== Source data ==
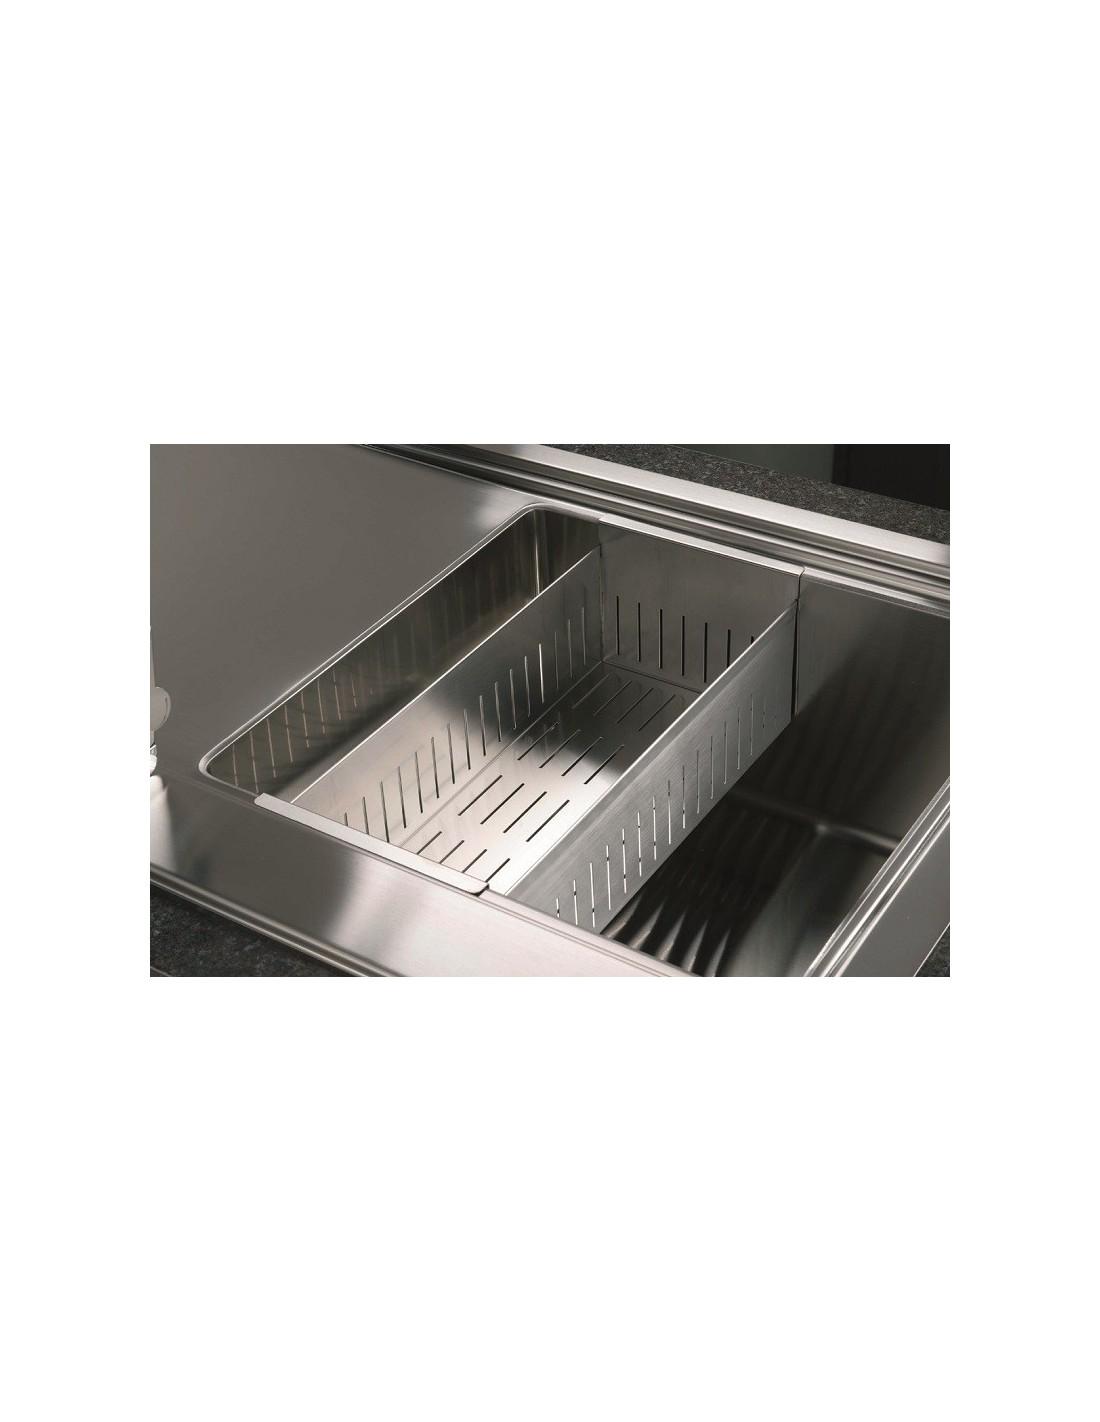 VSH20Q Stainless Steel Modern Square Sink Colander Strainer 20Cm
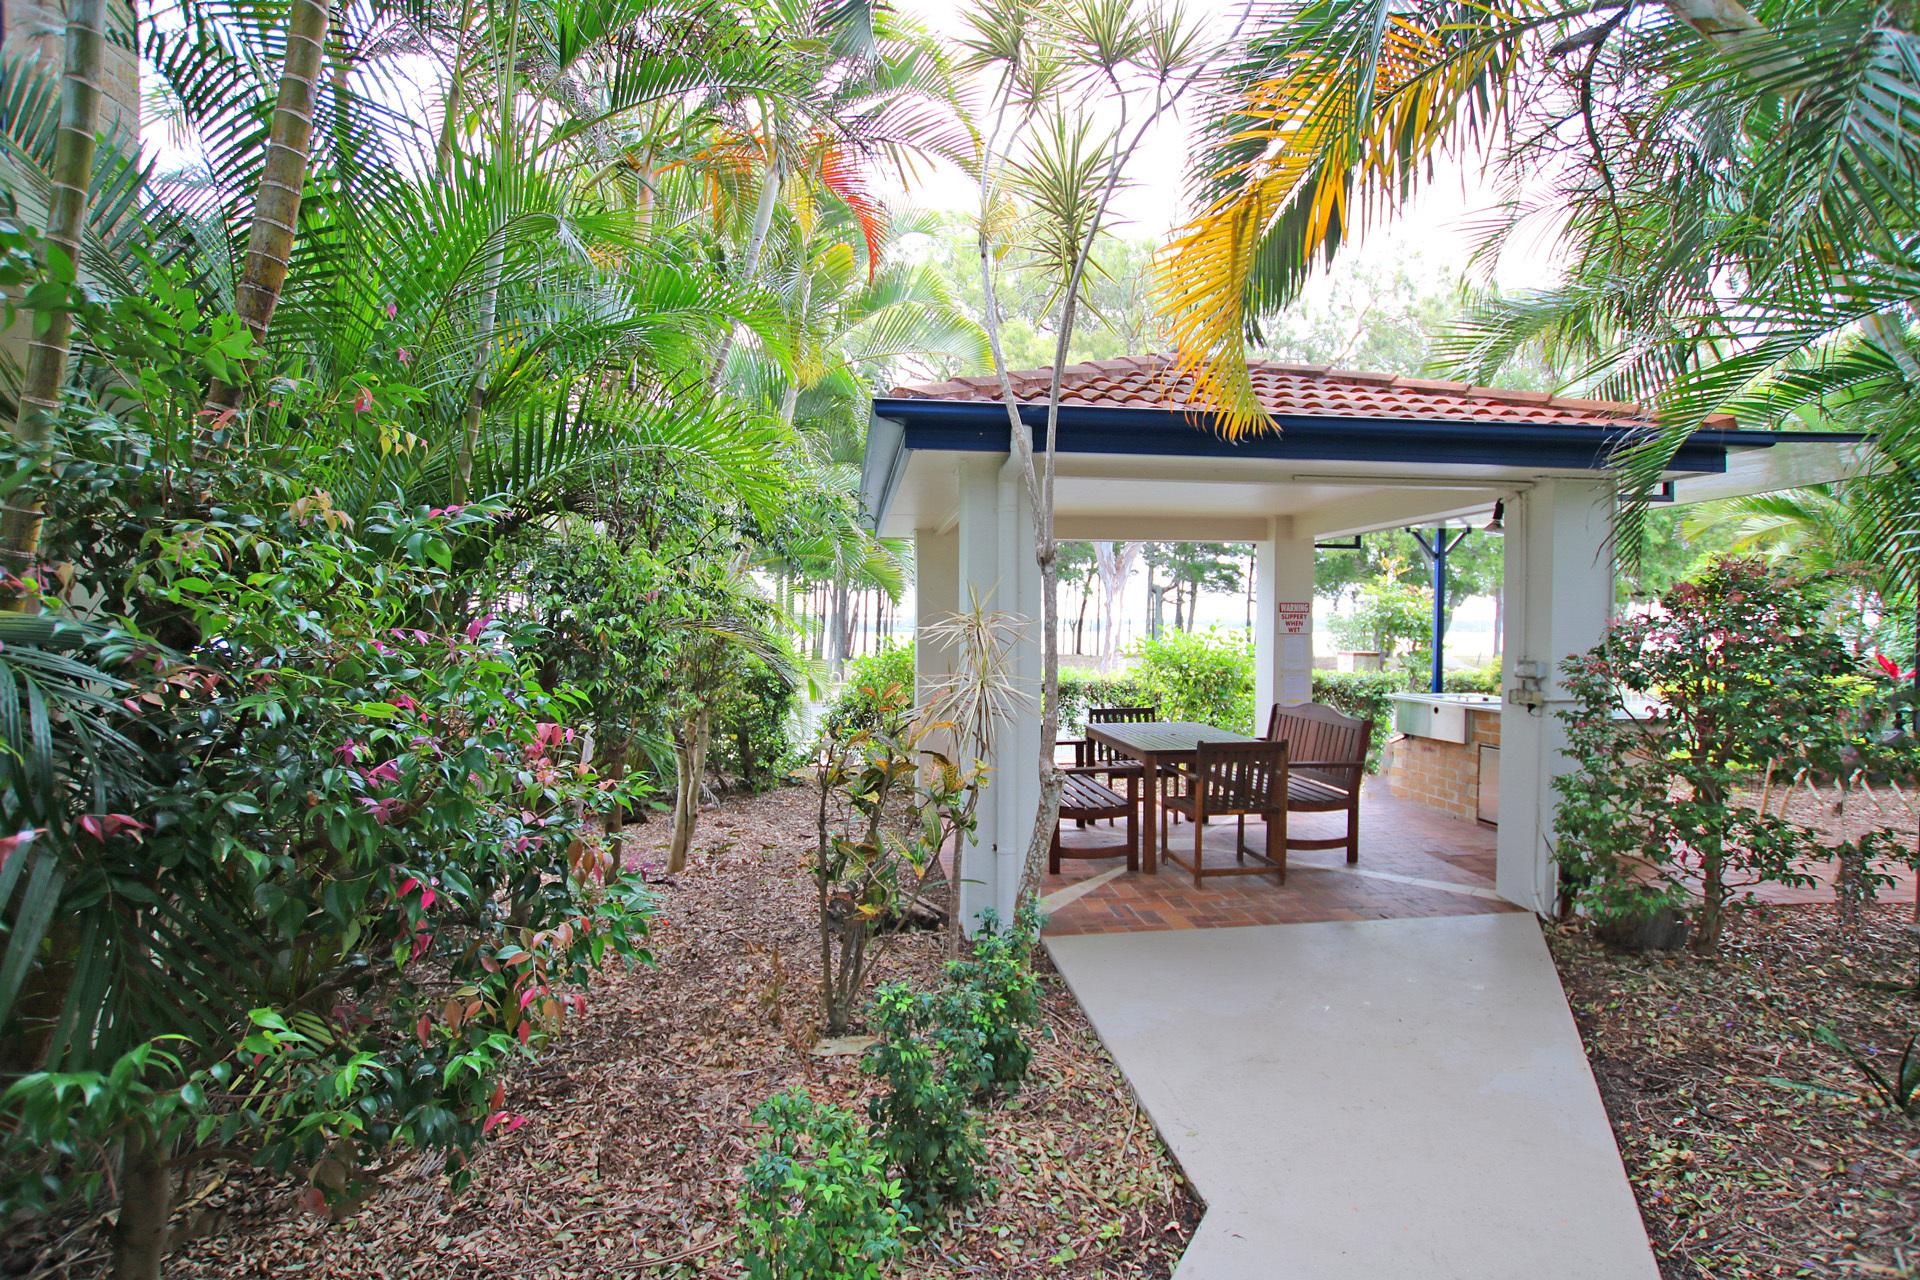 c - Sylvan Beach Resort
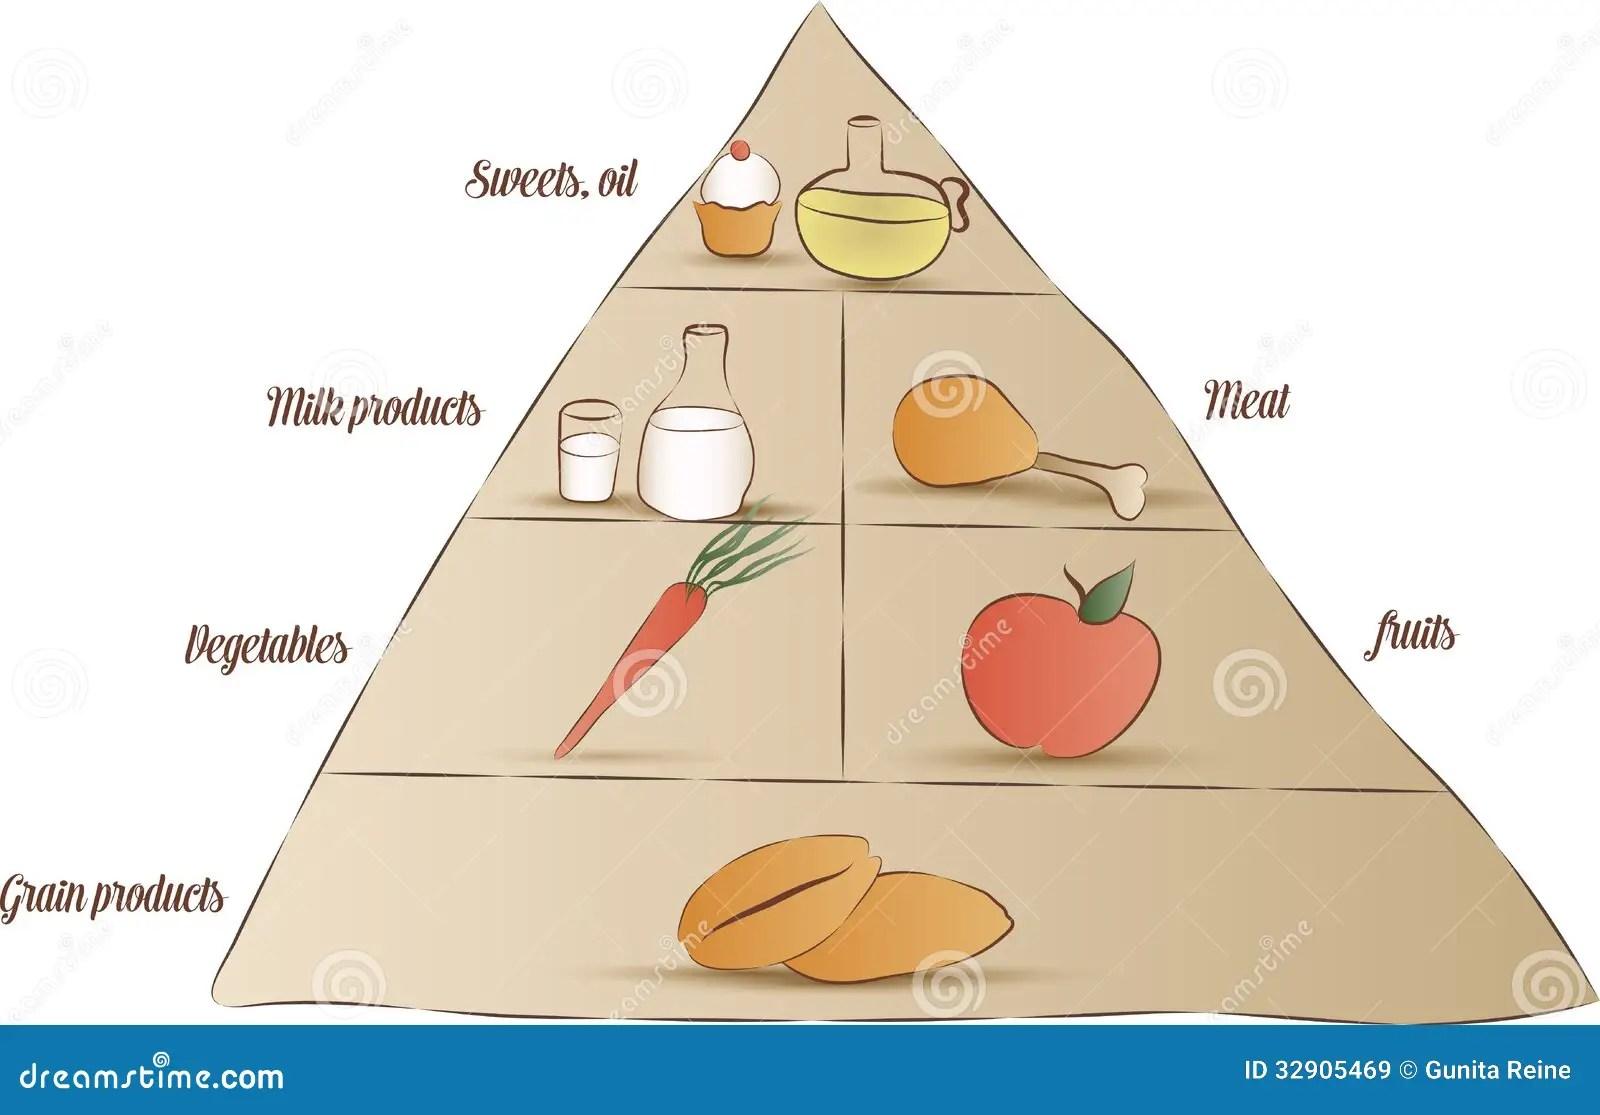 printable pyramid diagram 5 1 home theater circuit food stock vector image of grains calories
===
### What you have to do
Final stretch of the data: repeat exactly each line from the one containing "c - Sylvan Beach Resort" through the last, and omit all pictures.

### Response for this exercise
 c - Sylvan Beach Resort
 printable pyramid diagram 5 1 home theater circuit food stock vector image of grains calories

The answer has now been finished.